New York State limited medical license number: __________________________________ Date issued: _______ / _______ / _______

mo.

day

yr.

MDC1, Page 1 of 2 (Rev. 10/08)

78.

Since you last registered, has any state other than New York instituted charges against you for professional misconduct, unprofessional conduct, incompetency or negligence, or revoked , suspended, or accepted surrender of a professional license held by you?

Yes No

89.

Since you last registered, have you ever been found guilty after trial, or pleaded guilty, no contest, or nolo contendere to a crime

 

(felony or misdemeanor) in any court?

Yes

No

109.

Since you last registered, are criminal charges pending against you in any court?

Yes

No

11

10.

Since you last registered, are charges pending against you in any jurisdiction for any sort of professional misconduct?

Yes

No

12

11.

Since you last registered, has any hospital or licensed facility restricted or terminated your professional training, employment, or privileges or have you voluntarily or involuntarily resigned or withdrawn from such association to avoid the imposition of such action due

to professional misconduct, unprofessional conduct, incompetence, or negligence?

Yes

No

NOTE: If you answer "Yes" to any questions numbered 8-12, submit a letter giving a complete detailed explanation. Include copies of any court records (conviction records), and if you possess one, a copy of the "Certificate of Relief from Disabilities" or your "Certificate of Good Conduct."

1312.

ATTESTATION

I certify that the statements made in this application and any accompanying documentation are true, complete and correct. I understand that any misrepresentation or any false or misleading information made in connection with my application may result in criminal prosecution and may be cause for disciplinary action, including the loss of my license and that the willful failure to register while continuing to practice my profession constitutes professional misconduct.

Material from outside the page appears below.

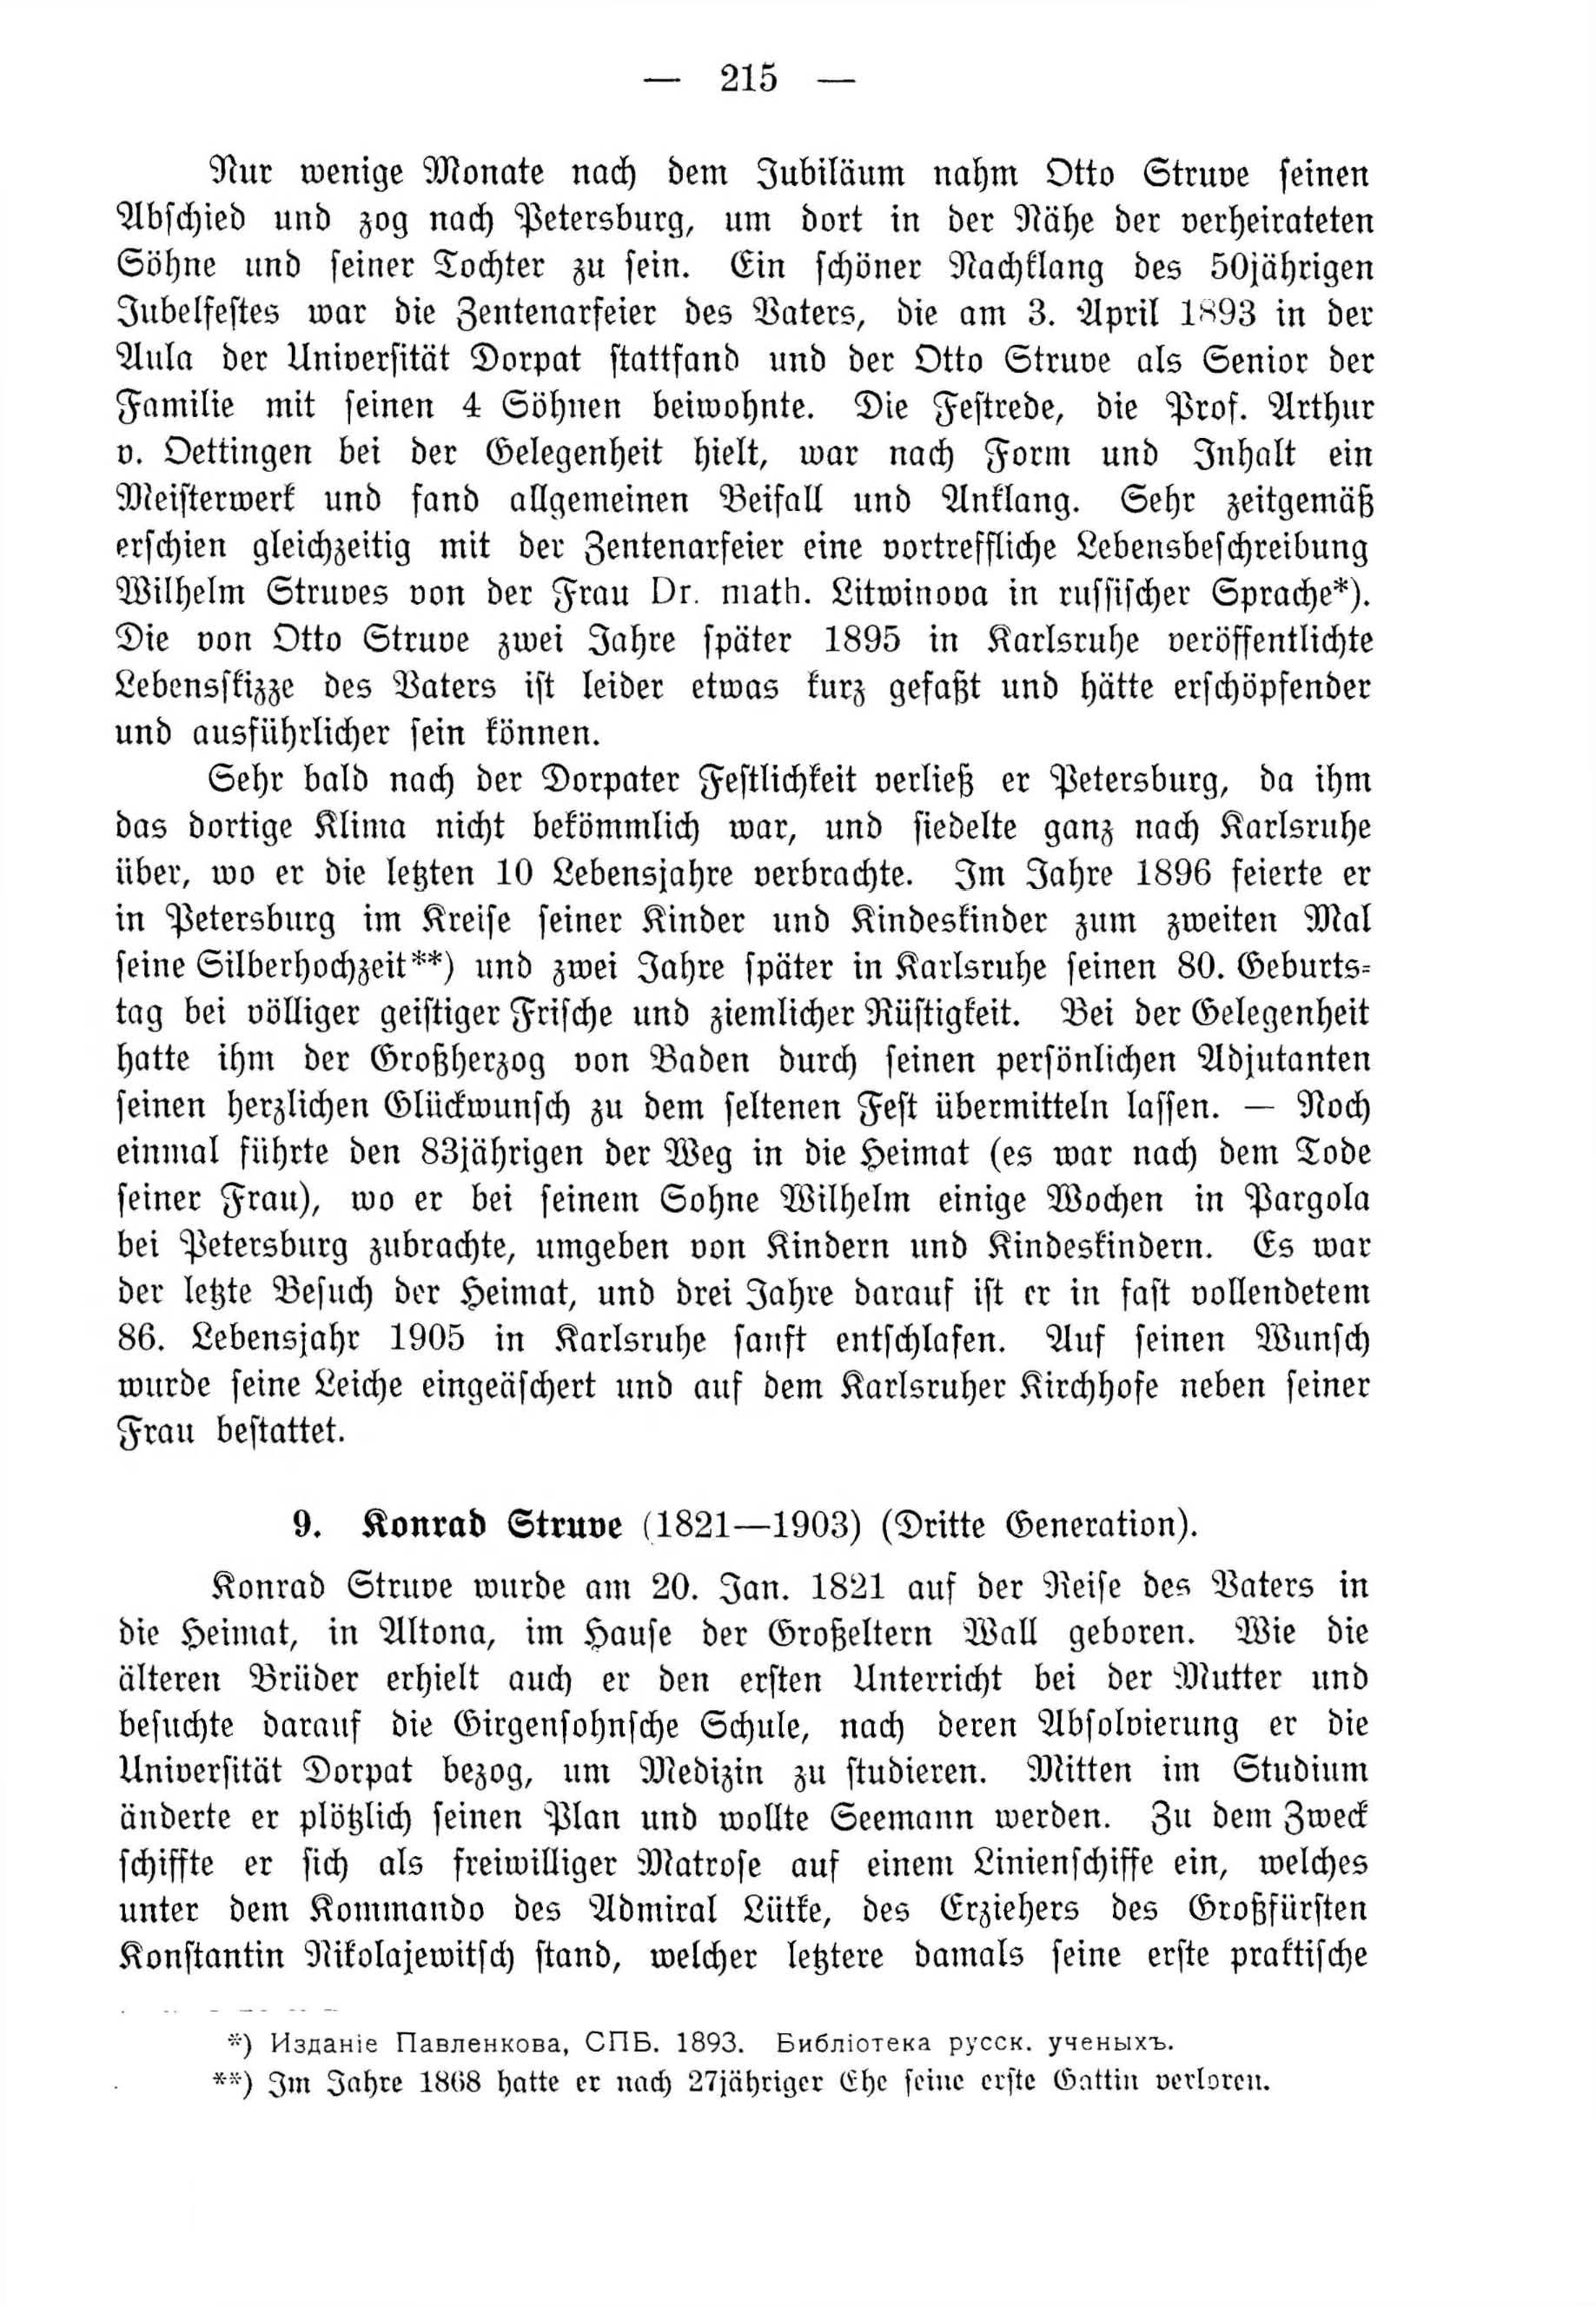 Deutsche Monatsschrift für Russland [4] (1915) | 215. (215) Main body of text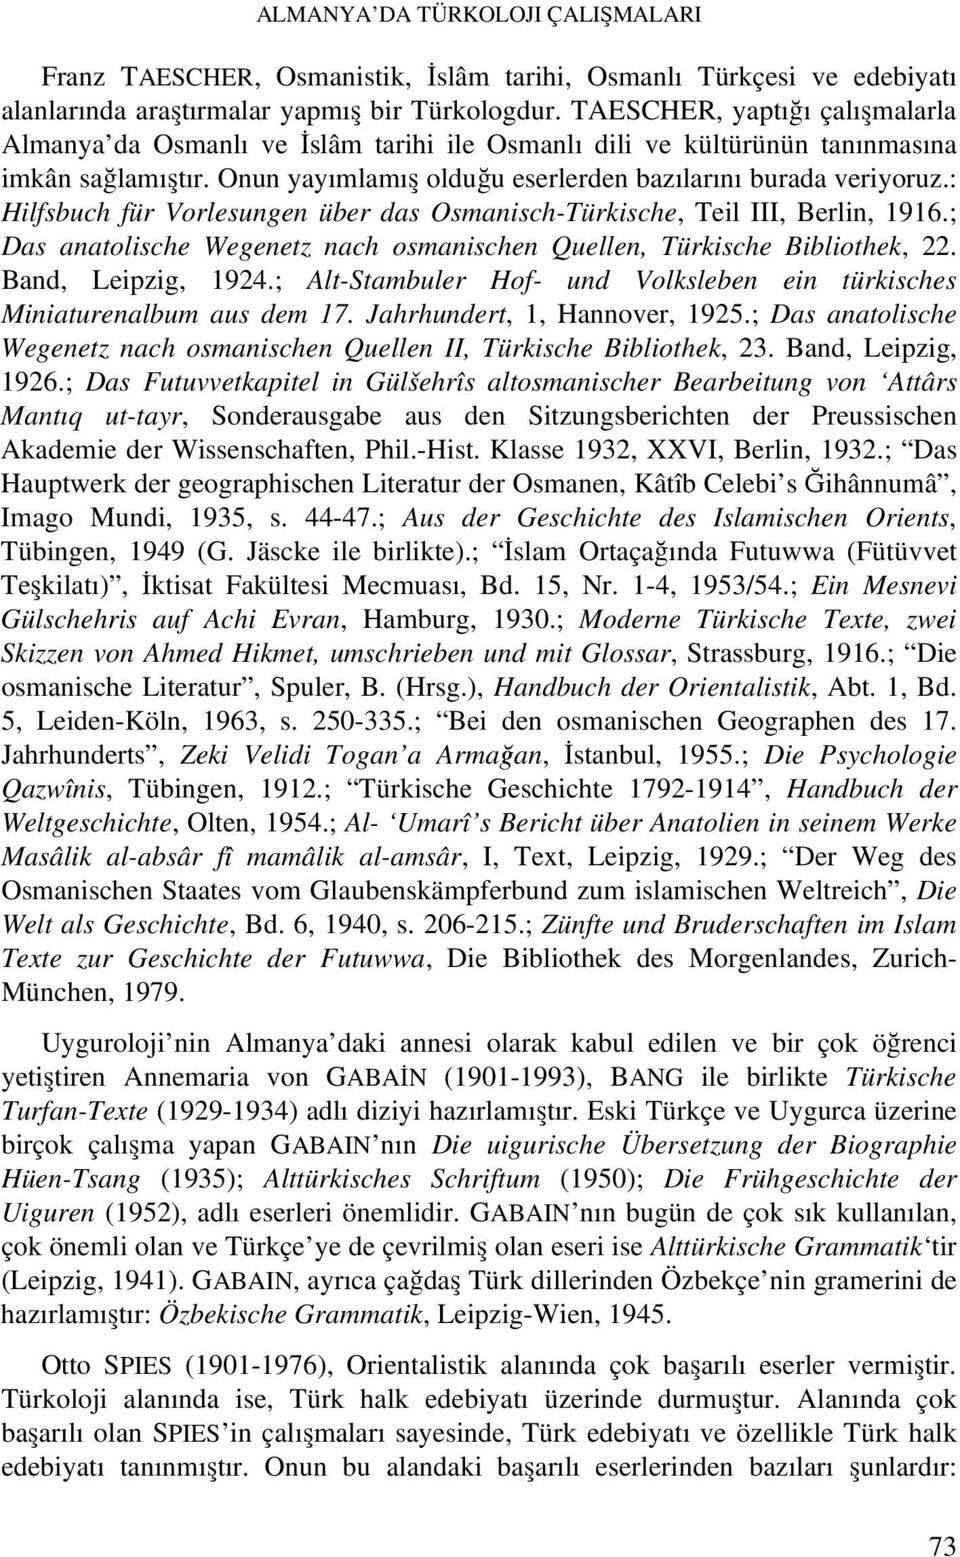 : Hilfsbuch für Vorlesungen über das Osmanisch-Türkische, Teil III, Berlin, 1916.; Das anatolische Wegenetz nach osmanischen Quellen, Türkische Bibliothek, 22. Band, Leipzig, 1924.

__________________________________________________________________________

_________________________________

Signature

Date

In this space

securely attach

photograph taken

within the past year.

Write signature on light portion of photograph, not across features

Date of Photo _______ / _______ / _______

Mail this form and the required $300 fee to: New York State Education Department, Office of the Professions, Division of Professional Licensing Services, Certification and Verification Unit, 89 Washington Avenue, Albany, NY 12234-1000. DO NOT

SEND CASH. Make check or money order payable in U.S. funds to the New York State Education Department

MDC1, Page 2 of 2 (Rev. 10/08)

How to Edit Form Mdc1 Online for Free

The procedure of filling in the Form Mdc1 is actually quick. We made sure our PDF tool is easy to understand and helps fill out any PDF in a short time. Explore a couple of steps you'll have to follow:

Step 1: Select the button "Get Form Here" on the site and press it.

Step 2: So you should be on your document edit page. You'll be able to add, change, highlight, check, cross, include or remove areas or words.

Provide the information requested by the platform to complete the file.

Form Mdc1 empty fields to complete

Write the requested details in the Mailing Address You must notify, Line, Line, Line, City, State Country Province, Zip Code, Name of degree granting, Degree granted Date granted, Address, mo day yr, City StateProvince Country, New York State medical license, mo day yr, and New York State limited medical box.

Filling out Form Mdc1 stage 2

Note any particulars you need inside the field Since you last registered have, felony or misdemeanor in any court, Since you last registered are, cid Yes cid No, cid Yes cid No, Since you last registered are, Since you last registered has, privileges or have you voluntarily, NOTE If you answer Yes to any, ATTESTATION, I certify that the statements made, Signature, and Date.

stage 3 to filling out Form Mdc1

Describe the rights and responsibilities of the sides in the space Date of Photo, Mail this form and the required, and MDC Page of Rev.

Entering details in Form Mdc1 stage 4

Step 3: Press the Done button to save your document. Then it is readily available for upload to your electronic device.

Step 4: Be sure to stay away from forthcoming challenges by generating a minimum of a pair of duplicates of the document.